■ EXERCISE DESCRIPTION: Whenever a line in the records below holds the string "Banque", copy it out.

■ INPUT DATA:
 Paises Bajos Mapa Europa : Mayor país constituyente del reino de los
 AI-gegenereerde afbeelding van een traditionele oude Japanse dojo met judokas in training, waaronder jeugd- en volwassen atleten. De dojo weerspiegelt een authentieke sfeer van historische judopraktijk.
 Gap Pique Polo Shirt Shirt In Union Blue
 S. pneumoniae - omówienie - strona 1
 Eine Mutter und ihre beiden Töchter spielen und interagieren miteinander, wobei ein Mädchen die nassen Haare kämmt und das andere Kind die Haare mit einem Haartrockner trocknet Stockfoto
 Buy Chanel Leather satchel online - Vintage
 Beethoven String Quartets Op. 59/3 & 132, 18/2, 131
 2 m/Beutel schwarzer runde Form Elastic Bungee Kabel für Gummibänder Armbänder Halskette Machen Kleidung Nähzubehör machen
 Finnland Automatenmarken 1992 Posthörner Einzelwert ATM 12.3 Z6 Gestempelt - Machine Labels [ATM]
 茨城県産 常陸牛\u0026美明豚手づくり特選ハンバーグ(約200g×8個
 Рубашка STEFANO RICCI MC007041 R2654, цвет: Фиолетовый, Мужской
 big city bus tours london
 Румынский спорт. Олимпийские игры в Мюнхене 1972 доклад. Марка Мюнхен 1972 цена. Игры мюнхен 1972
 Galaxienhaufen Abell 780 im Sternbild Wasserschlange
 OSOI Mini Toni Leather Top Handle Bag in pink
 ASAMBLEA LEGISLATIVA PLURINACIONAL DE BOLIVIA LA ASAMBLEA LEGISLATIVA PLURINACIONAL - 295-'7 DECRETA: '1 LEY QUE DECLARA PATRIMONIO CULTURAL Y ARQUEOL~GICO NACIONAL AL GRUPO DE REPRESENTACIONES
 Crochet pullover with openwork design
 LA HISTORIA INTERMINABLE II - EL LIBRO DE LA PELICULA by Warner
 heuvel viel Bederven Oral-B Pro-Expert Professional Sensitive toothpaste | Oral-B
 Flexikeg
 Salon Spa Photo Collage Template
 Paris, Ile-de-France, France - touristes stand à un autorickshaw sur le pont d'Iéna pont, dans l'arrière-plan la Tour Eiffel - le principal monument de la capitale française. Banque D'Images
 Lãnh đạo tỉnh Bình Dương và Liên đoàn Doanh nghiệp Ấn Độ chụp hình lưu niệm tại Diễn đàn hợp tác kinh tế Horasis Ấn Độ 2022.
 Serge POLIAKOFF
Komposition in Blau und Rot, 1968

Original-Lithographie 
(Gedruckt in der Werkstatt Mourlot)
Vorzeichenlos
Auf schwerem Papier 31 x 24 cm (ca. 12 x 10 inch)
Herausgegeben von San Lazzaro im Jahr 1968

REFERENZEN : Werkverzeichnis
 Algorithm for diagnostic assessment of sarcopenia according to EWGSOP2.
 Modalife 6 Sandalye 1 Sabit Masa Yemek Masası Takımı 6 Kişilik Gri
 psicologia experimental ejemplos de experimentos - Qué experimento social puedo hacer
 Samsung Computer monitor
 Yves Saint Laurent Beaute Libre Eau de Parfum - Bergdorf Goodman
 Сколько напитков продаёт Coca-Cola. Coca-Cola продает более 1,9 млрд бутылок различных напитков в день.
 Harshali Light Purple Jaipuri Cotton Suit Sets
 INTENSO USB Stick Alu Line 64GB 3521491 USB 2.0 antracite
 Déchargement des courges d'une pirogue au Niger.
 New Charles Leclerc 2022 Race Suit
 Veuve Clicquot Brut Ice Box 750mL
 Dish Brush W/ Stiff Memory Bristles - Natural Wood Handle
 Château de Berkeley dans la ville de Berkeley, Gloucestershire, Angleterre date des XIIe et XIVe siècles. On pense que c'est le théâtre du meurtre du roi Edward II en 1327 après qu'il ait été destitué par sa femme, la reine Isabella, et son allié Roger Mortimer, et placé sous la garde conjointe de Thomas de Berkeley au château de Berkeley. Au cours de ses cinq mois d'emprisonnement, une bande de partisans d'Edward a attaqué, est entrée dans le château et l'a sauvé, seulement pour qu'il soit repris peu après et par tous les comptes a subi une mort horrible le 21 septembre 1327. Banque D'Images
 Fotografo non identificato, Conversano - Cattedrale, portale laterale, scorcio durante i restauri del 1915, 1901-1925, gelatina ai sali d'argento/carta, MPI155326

■ YOUR RESPONSE:
 Paris, Ile-de-France, France - touristes stand à un autorickshaw sur le pont d'Iéna pont, dans l'arrière-plan la Tour Eiffel - le principal monument de la capitale française. Banque D'Images
 Château de Berkeley dans la ville de Berkeley, Gloucestershire, Angleterre date des XIIe et XIVe siècles. On pense que c'est le théâtre du meurtre du roi Edward II en 1327 après qu'il ait été destitué par sa femme, la reine Isabella, et son allié Roger Mortimer, et placé sous la garde conjointe de Thomas de Berkeley au château de Berkeley. Au cours de ses cinq mois d'emprisonnement, une bande de partisans d'Edward a attaqué, est entrée dans le château et l'a sauvé, seulement pour qu'il soit repris peu après et par tous les comptes a subi une mort horrible le 21 septembre 1327. Banque D'Images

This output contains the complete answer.